The year is quickly coming to a close, but that does not mean it will necessarily be boring. Spurred by the loss of a Republican seat in the Senate in the Alabama special election, the GOP lined up their party line and completed tax reform this week. Today, President Trump signed it into law. Relative to other tax overhauls of this scale, it was quick and dirty. Last minute clause swapping to garner final votes leaves many uncertain as to what is actually in the package even as it is signed into law. The Washington Post did an interesting analysis on the 504-page bill which was attended by about 600 pages of what is called a “conference report.” Noting that it is difficult to read the actual language of a bill and follow what is happening since basically it reads “Strike X in subparagraph 1 and insert Y in subparagraph 2 subsection 3” they suggest that legislators would focus on the conference report and sought to determine whether it was likely that anyone could have read it. A conference report puts a bill into traditional paragraphs that someone can read, but that makes it longer. It contained almost 232,000 words. Using the time-frame of a late Friday release of the conference report and assuming 8 hours of sleep each night and an average reading pace until when the House voted on Tuesday, a Congressperson would have to dedicate over 40% of their waking hours just to reading the bill. Possible but not terribly realistic. The US public may not be the only ones still trying to figure out exactly what is in the bill.
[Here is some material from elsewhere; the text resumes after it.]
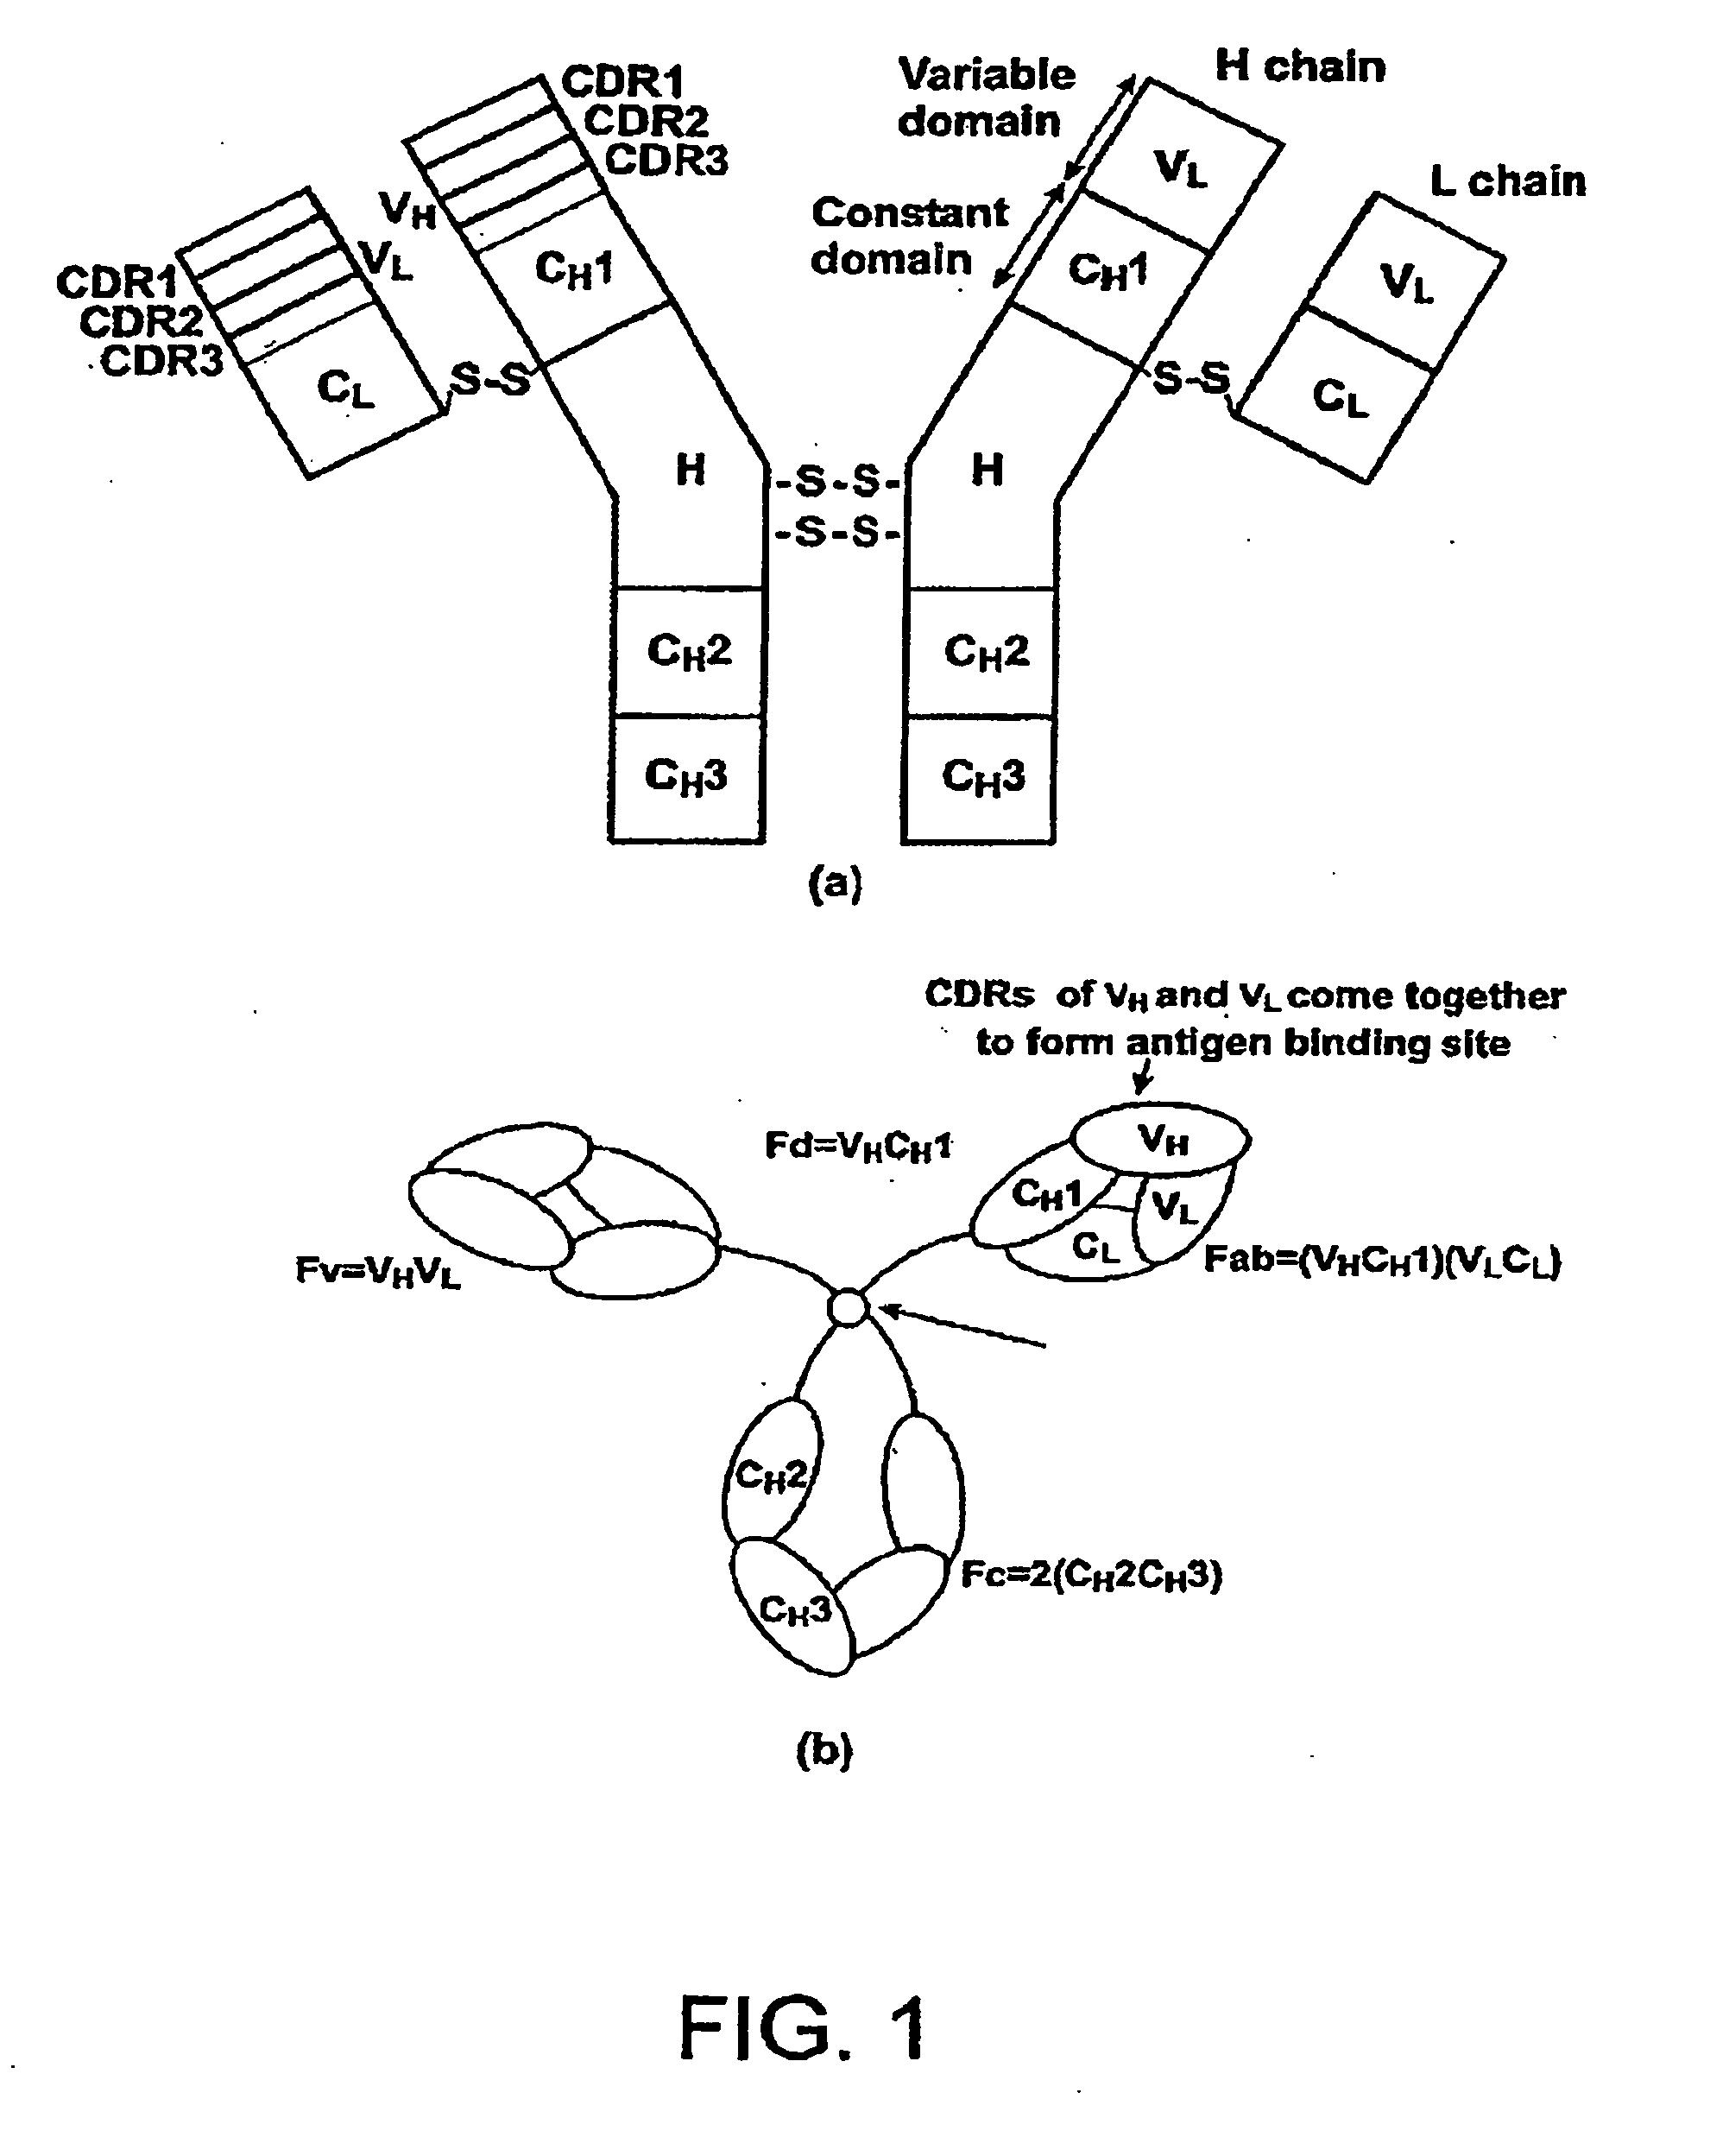 Single-domain Antigen-binding

The US equity market does not let a little thing like details stand in its way though. It continued its rally on the legislation anticipating a boost to earnings next year. Consensus estimate for the impact to S&P 500 earnings is in the +7-8% range. Domestic industries benefit the most. The US onshore energy sector took a noticeable trend higher. Energy stocks have lagged both the broader equity market and the commodity price this year. Perhaps an earnings boost from tax changes was just the little bit of catalyst needed for contrarians to step in to the lagging sector.
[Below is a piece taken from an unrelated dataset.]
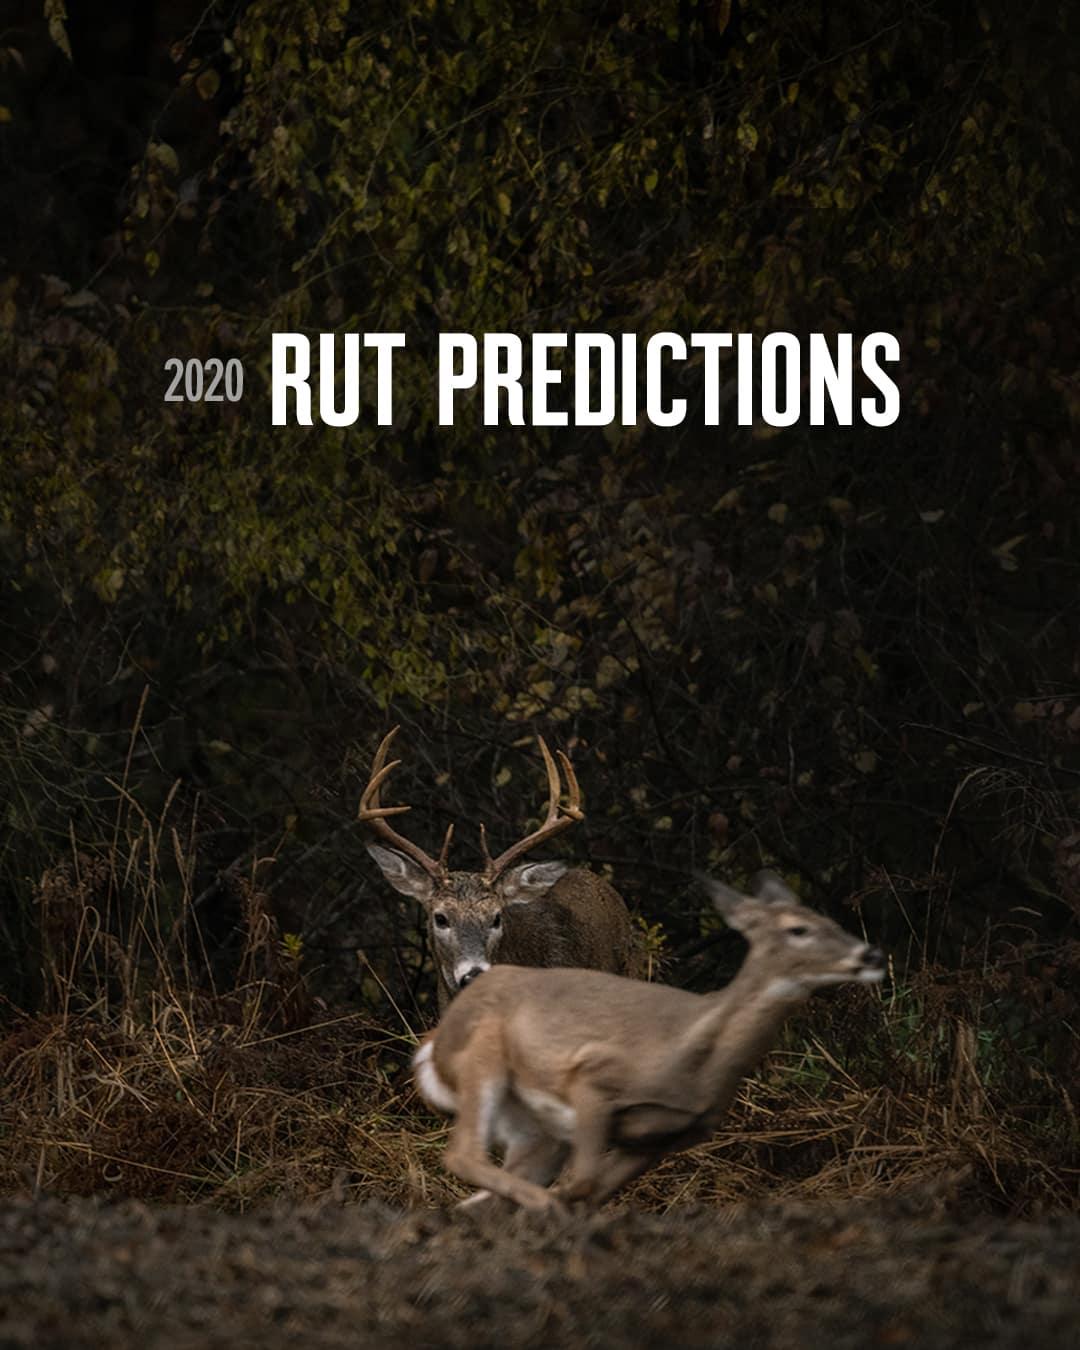 2020 Rut Predictions | Onx Maps regarding Whitetail Deer Rut Calendar

Estimates for the economic impact are positive, but vary from near nothing to +1% in 2018. Republicans are hoping that the GDP growth increase will be much bigger than forecasted (similar to what happened from the 2003 tax cuts) to improve public opinion on the bill. It needs to be bigger if they expect to keep their jobs in the next mid-year election. This process was deeply partisan and rushed. Unintended consequences or a lack of economic boost will weigh heavily on voters. While changes in corporate tax rates and accelerated depreciation may spur investment near-term, we may not see as big of a boost to economic growth if consumers feel that any reduction in taxes is a temporary windfall. If so, history has shown that a consumer will prefer to save over spend.